Pathologists determine the cause of death through postmortem examination or autopsy. There are three stages of death investigation: examination, correlation, and interpretation. Deaths where there is an unknown cause and those considered unnatural are investigated. In most jurisdictions this is done by a "forensic pathologist", coroner, medical examiner, or hybrid medical examiner-coroner offices.

=== Methods ===
Forensic pathologists must be trained in several fields to succeed at their job. They utilize a wide variety of methods such as conducting autopsies which in itself has a variety of methods. Some of these methods require various identification techniques, including immunohistological studies, which can be valuable for determining the time of injury and assessing axonal damage resulting from traumatic brain injury When conducting an autopsy a forensic pathologist may take X-Rays, samples of bodily fluids, samples of tissues, and samples of bacterial culture found within the body. While conducting the autopsy the forensic pathologist uses the stages of death as another method to inspect both the time of death and the amount of time the body has been deceased. Using the Information received during the autopsy paired with evidence provided by law enforcement provides the basis for the determination of the cause of death.
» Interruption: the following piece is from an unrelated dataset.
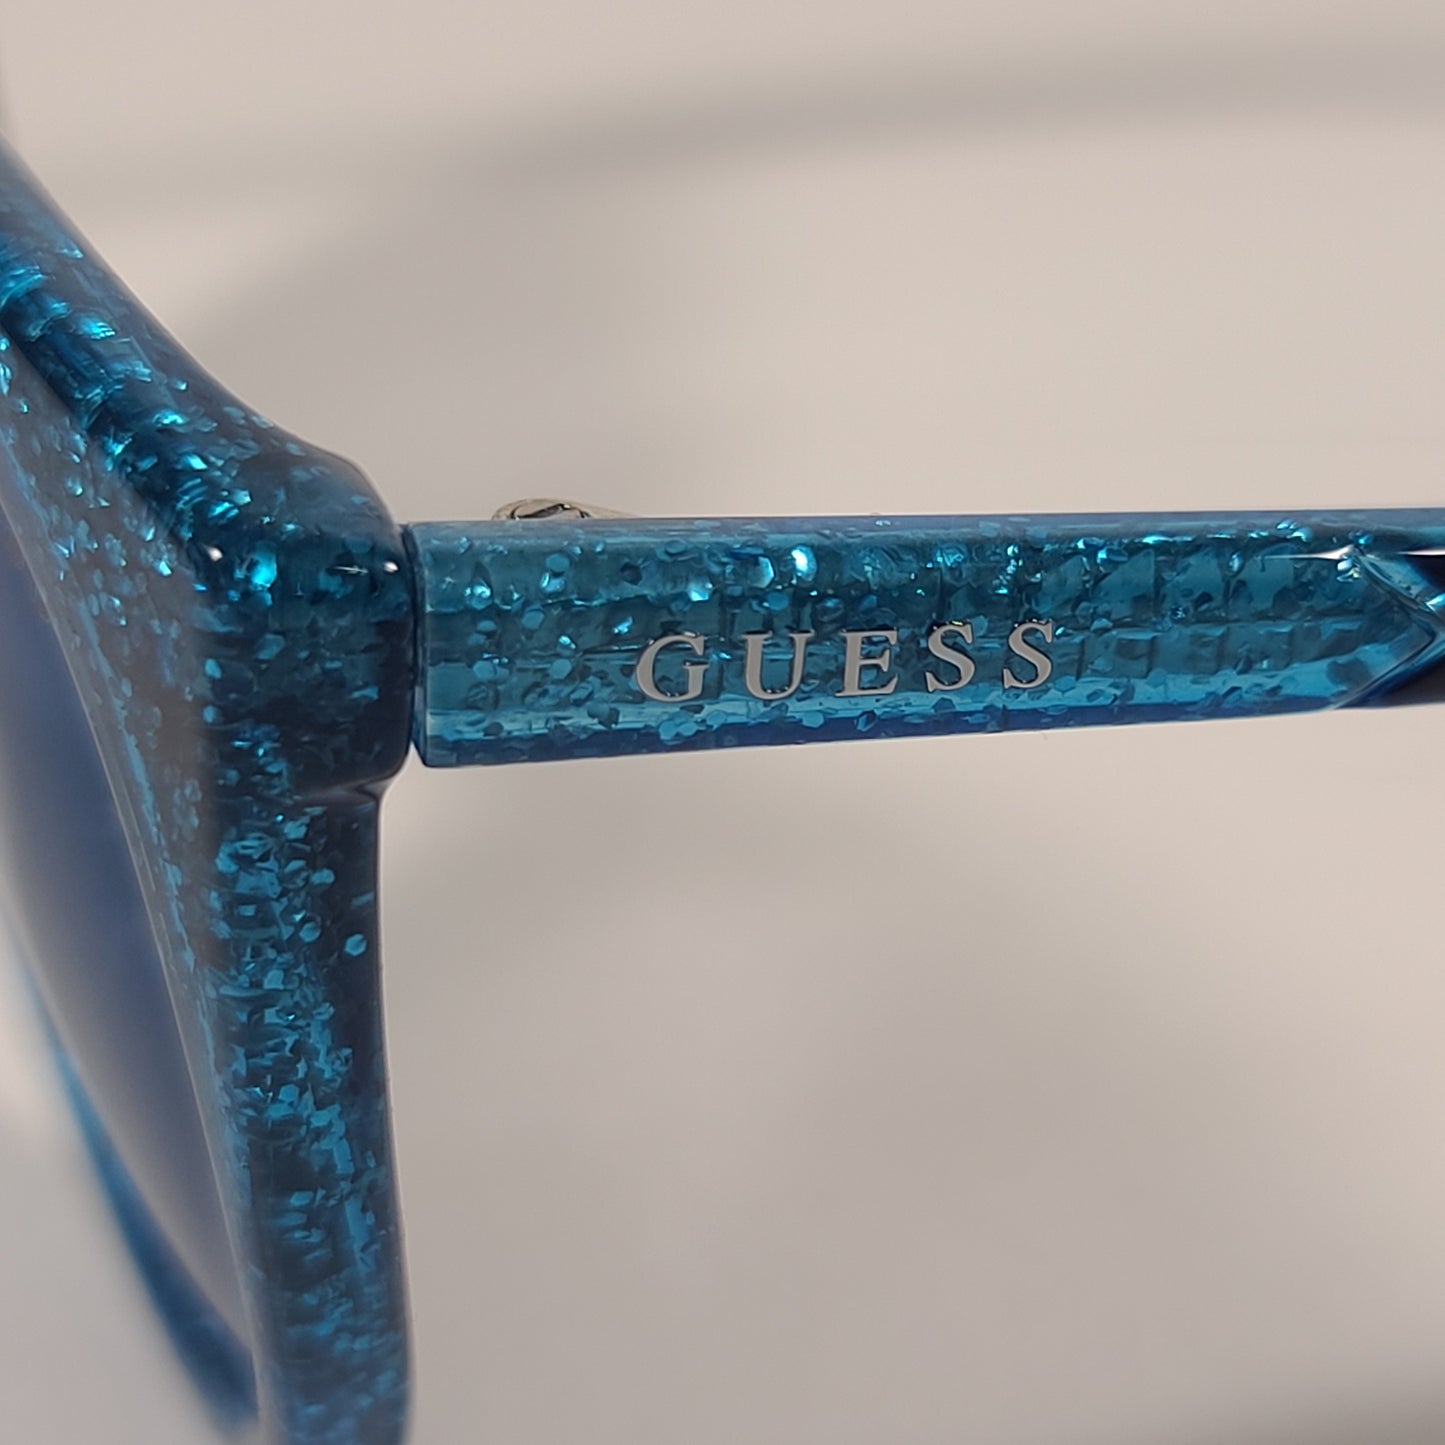 Guess Originals Round Sunglasses Blue Glitter Frame Blue Mirror Lens GU9188 92X - Sunglasses

=== Terminology inconsistencies across jurisdictions ===
In some jurisdictions, the title of "Medical Examiner" is used by a non-physician, elected official involved in a medicolegal death investigation. In others, the law requires the medical examiner to be a physician, pathologist, or forensic pathologist.
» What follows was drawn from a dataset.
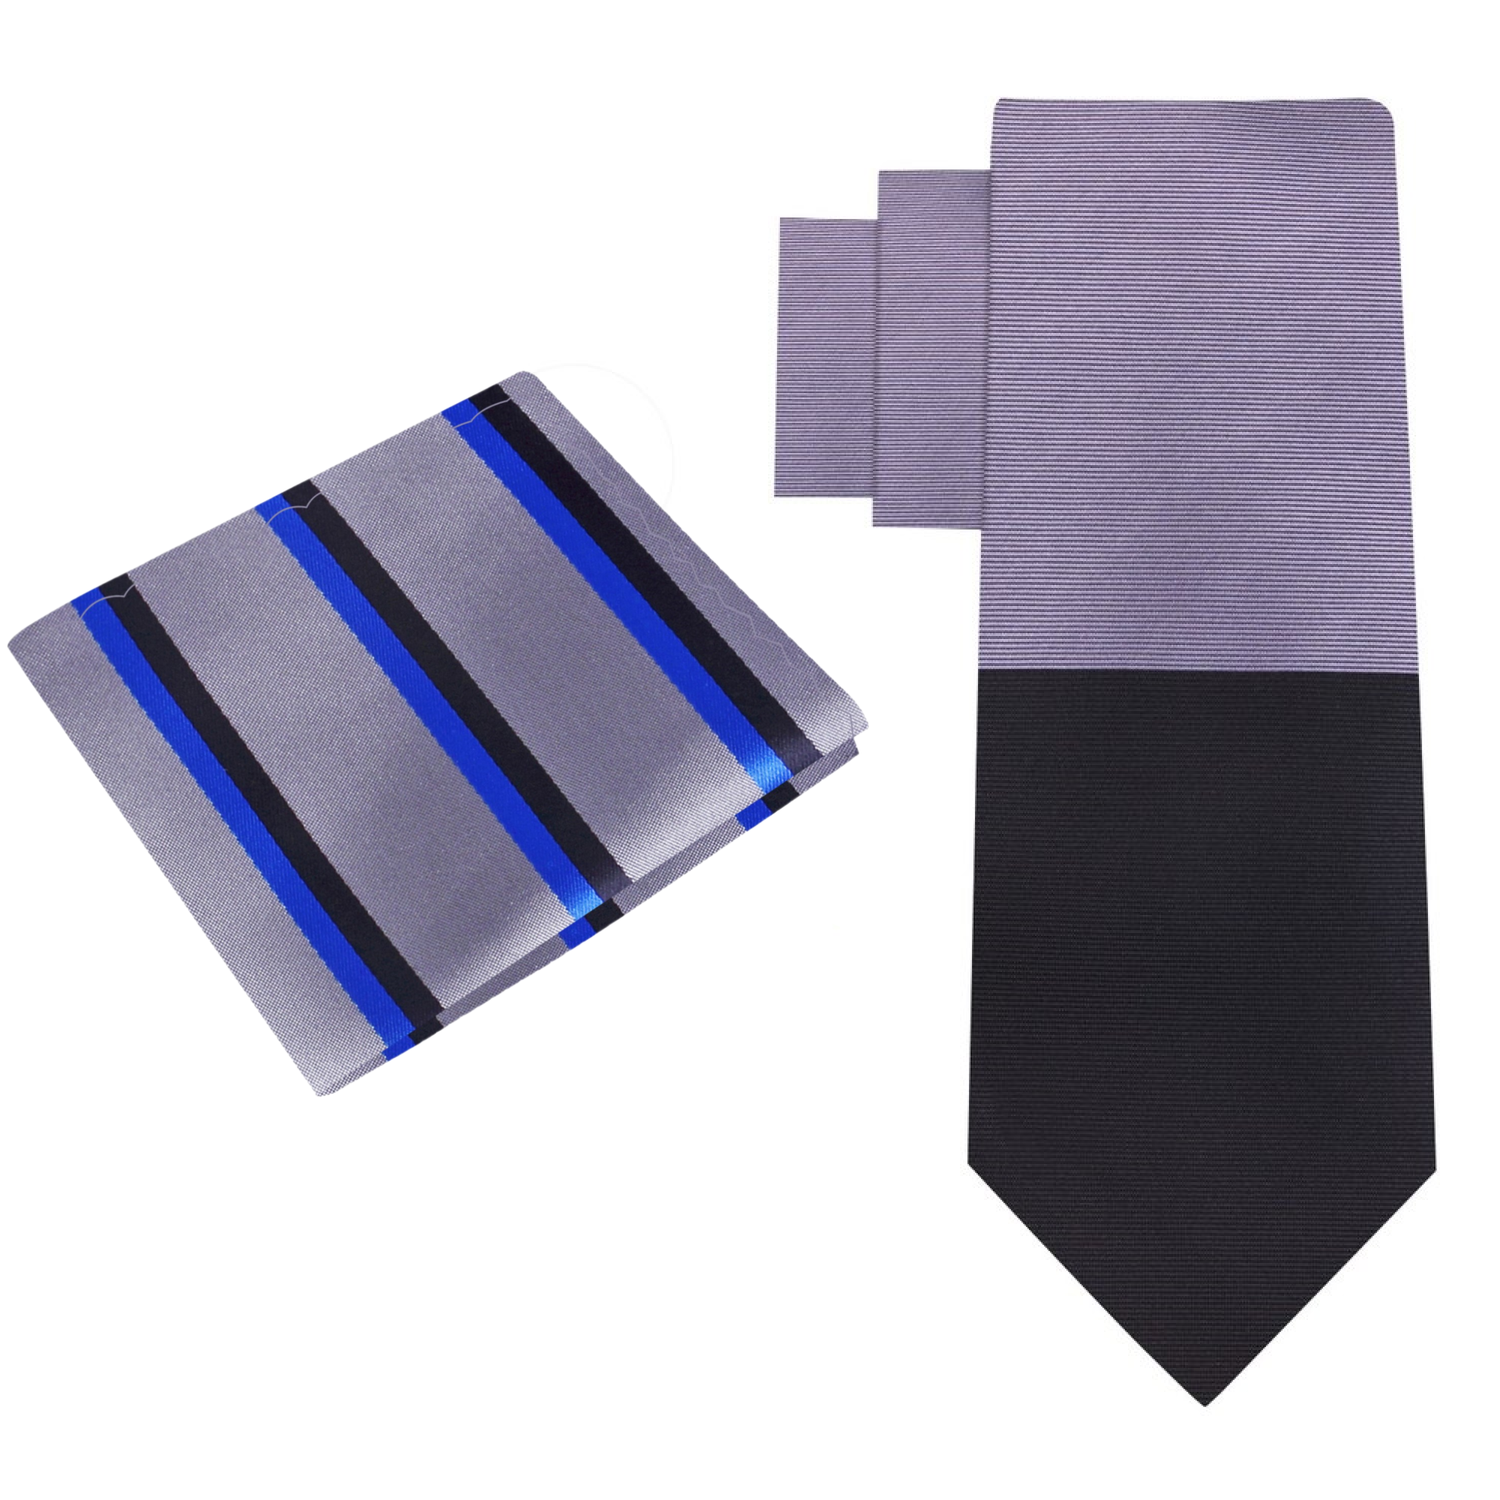 Alt View: Grey, Black, Blue Stripe Tie and Accenting Stripe Square

Similarly, the title "coroner" is applied to both physicians and non-physicians. Historically, coroners were not all physicians (most often serving primarily as the town mortician). However, in some jurisdictions, the topic of "Coroner" is exclusively used by physicians.

=== Canadian coroners ===
In Canada, there was a mix of coroner and medical examiner systems, depending on the province or territory. In Ontario, coroners are licensed physicians, usually but not exclusively family physicians. In Quebec, there is a mix of medical and non-medical coroners, whereas, in British Columbia, there is predominantly a non-physician coroner system. Alberta and Nova Scotia are examples of ME systems

=== Coroners and medical examiners in the United States ===
In the United States, a coroner is typically an elected public official in a particular geographic jurisdiction who investigates and certifies deaths. The vast majority of coroners lack a Doctor of Medicine degree and the amount of medical training that they have received is highly variable, depending on their profession (e.g. law enforcement, judges, funeral directors, emergency medical technicians, nurses).
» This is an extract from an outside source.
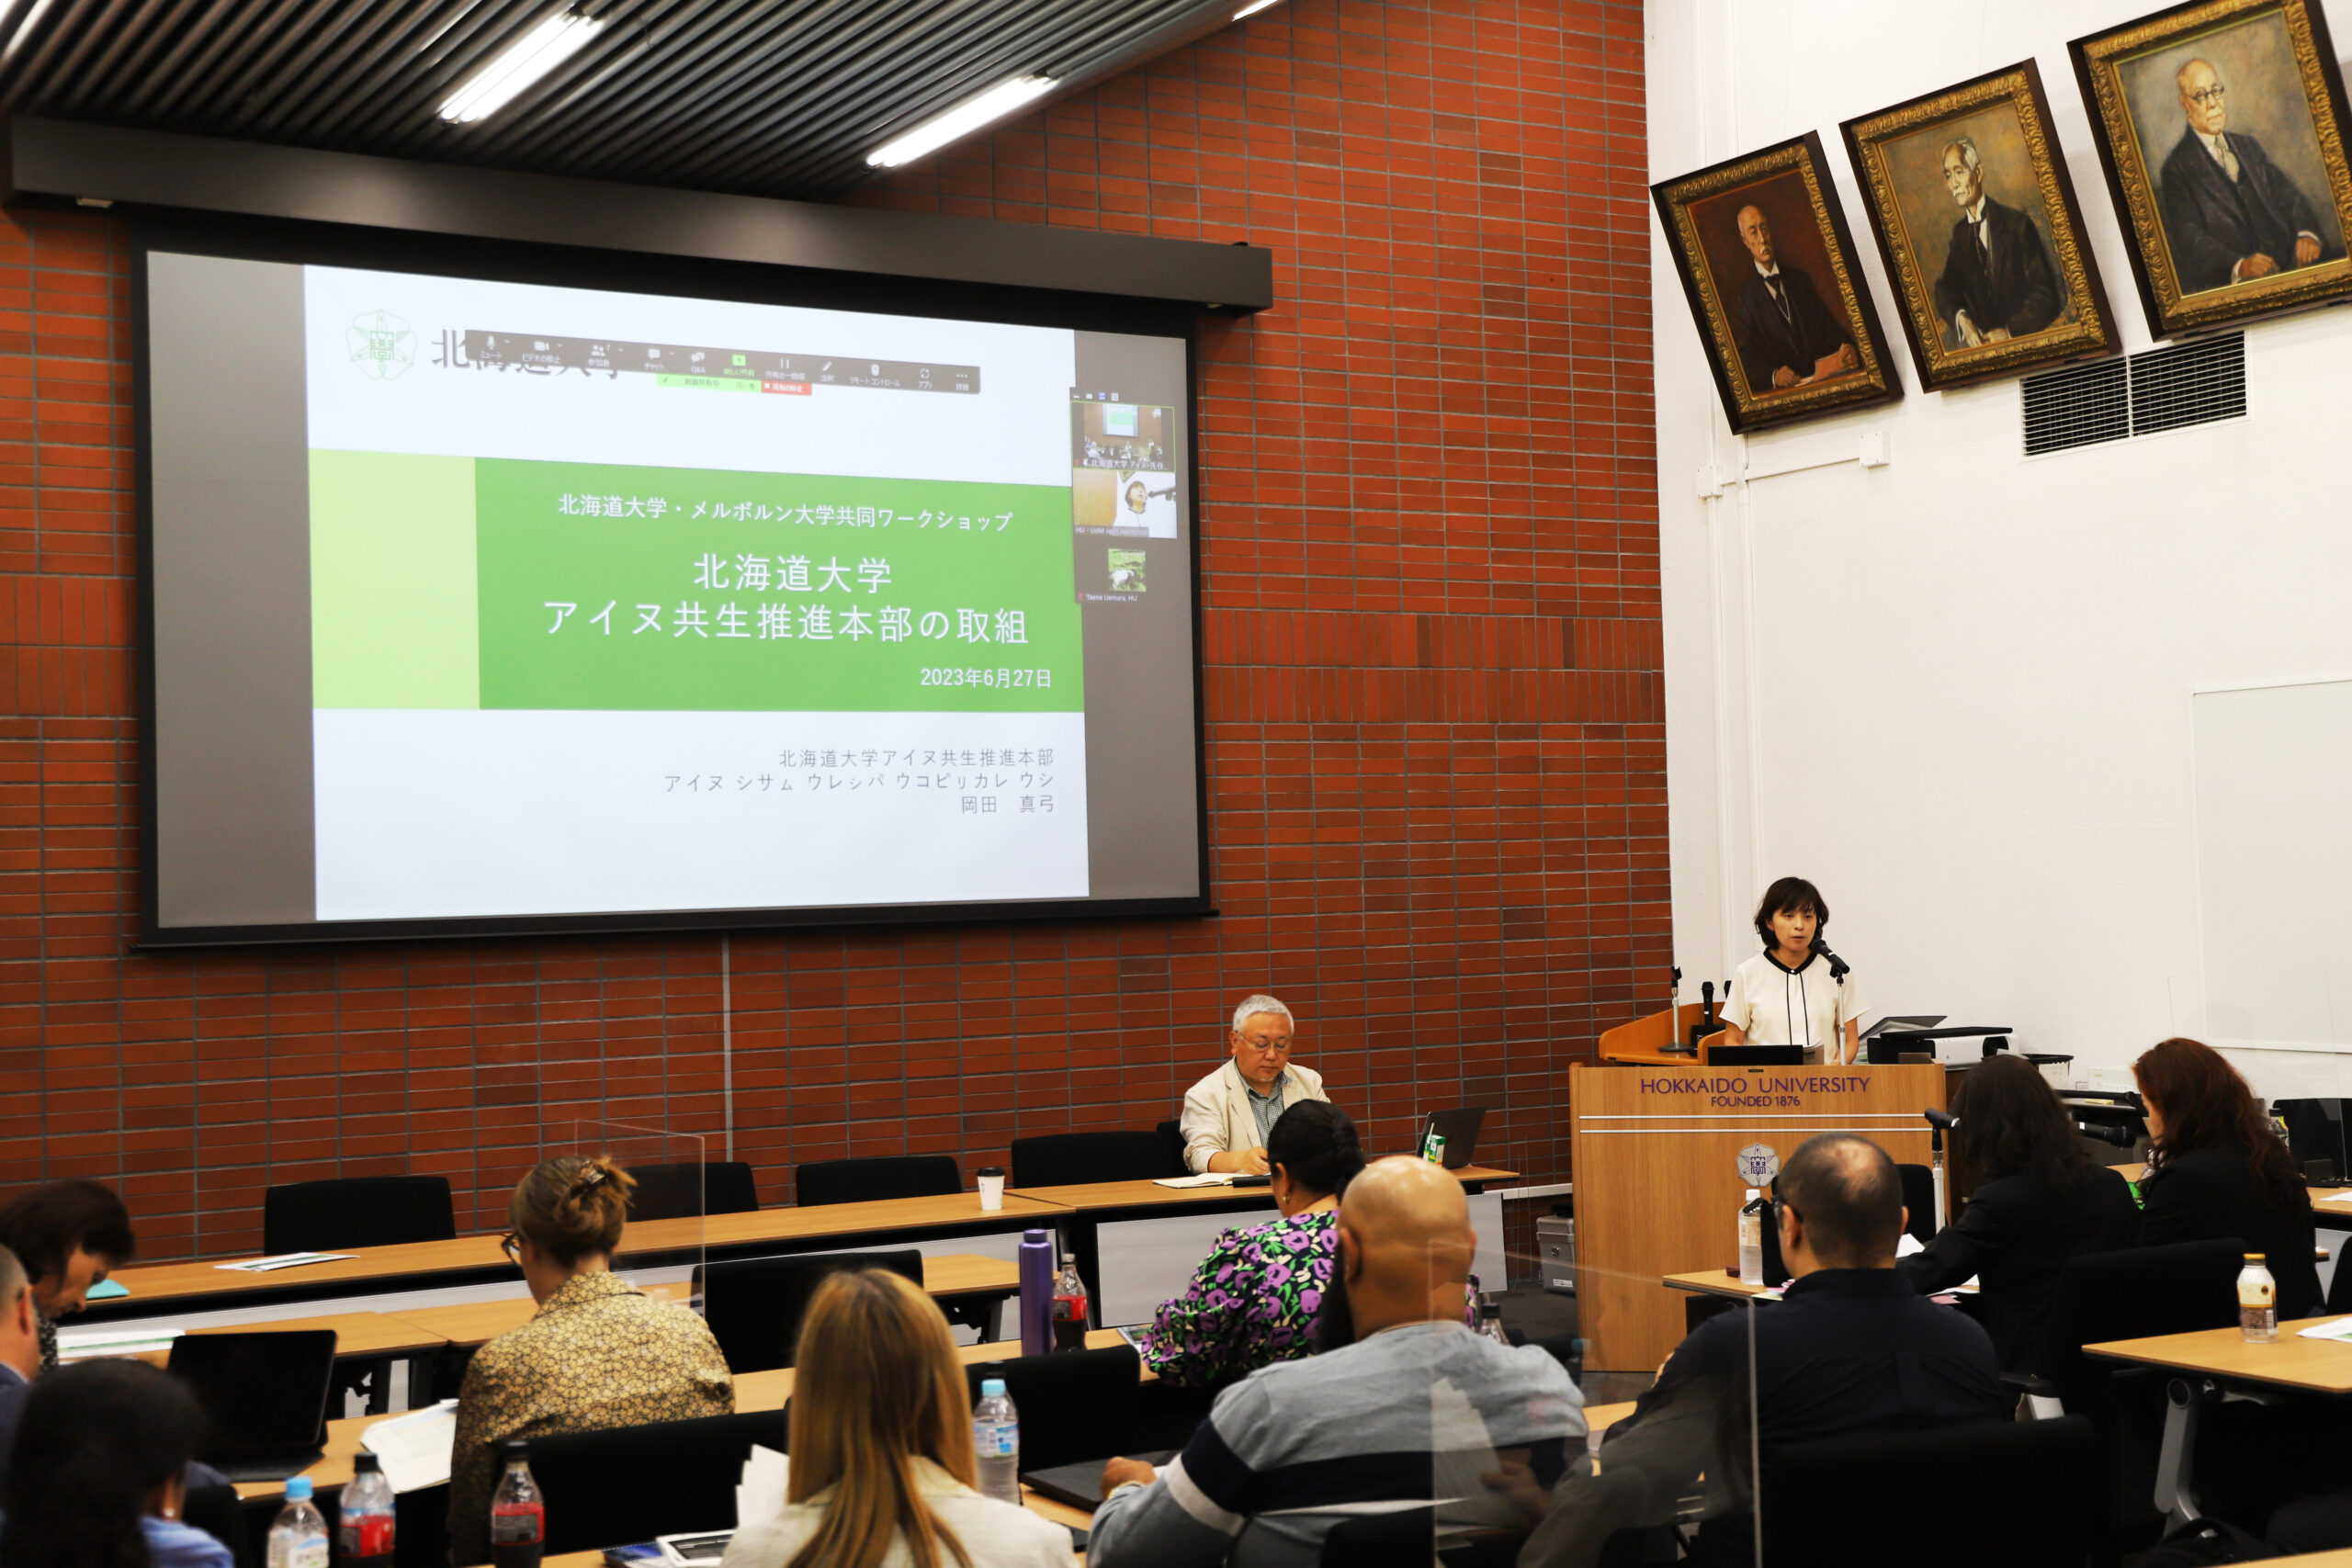 Associate Professor Mayumi Okada, Hokkaido University, introducing the Office of Ainu Relations and Initiatives.

In contrast, a medical examiner is typically a physician who holds the degree of Doctor of Medicine (M.D.) or Doctor of Osteopathic Medicine (D.O.). Ideally, a medical examiner has completed both a pathology residency and a fellowship in forensic pathology. In some jurisdictions, a medical examiner must be both a doctor and a lawyer, with additional training in forensic pathology.

== History ==
Forensic pathology was founded by Rudolf Virchow, a German pathologist, who developed the Virchow method which is one of the main and popular techniques still used by forensic pathologists today. The Virchow method is of doing autopsies as well as instituting cell theory which would shed light on the effects and damage of disease on the human body. Rudolf Virchow began the practice of regulated autopsies where the entire body would be inspected rather than a particular area of interest which would expose additional damage that injuries and ailments inflicted on the human body. In German-speaking Europe, lectures on forensic pathology were regularly held in Freiburg in the mid 18th century and Vienna in 1804. Scientists like Auguste Ambroise Tardieu, Johann Ludwig Casper and Carl Liman made great efforts to develop forensic pathology into a science based on empirics.

Ambroise Paré is also considered one of the fathers of modern forensic pathology and surgery. His inventions in the early 16th century include surgical instruments and techniques. He pioneered battlefield medicine and treatments of wounds. One technique he used was pouring boiling oil into wounds.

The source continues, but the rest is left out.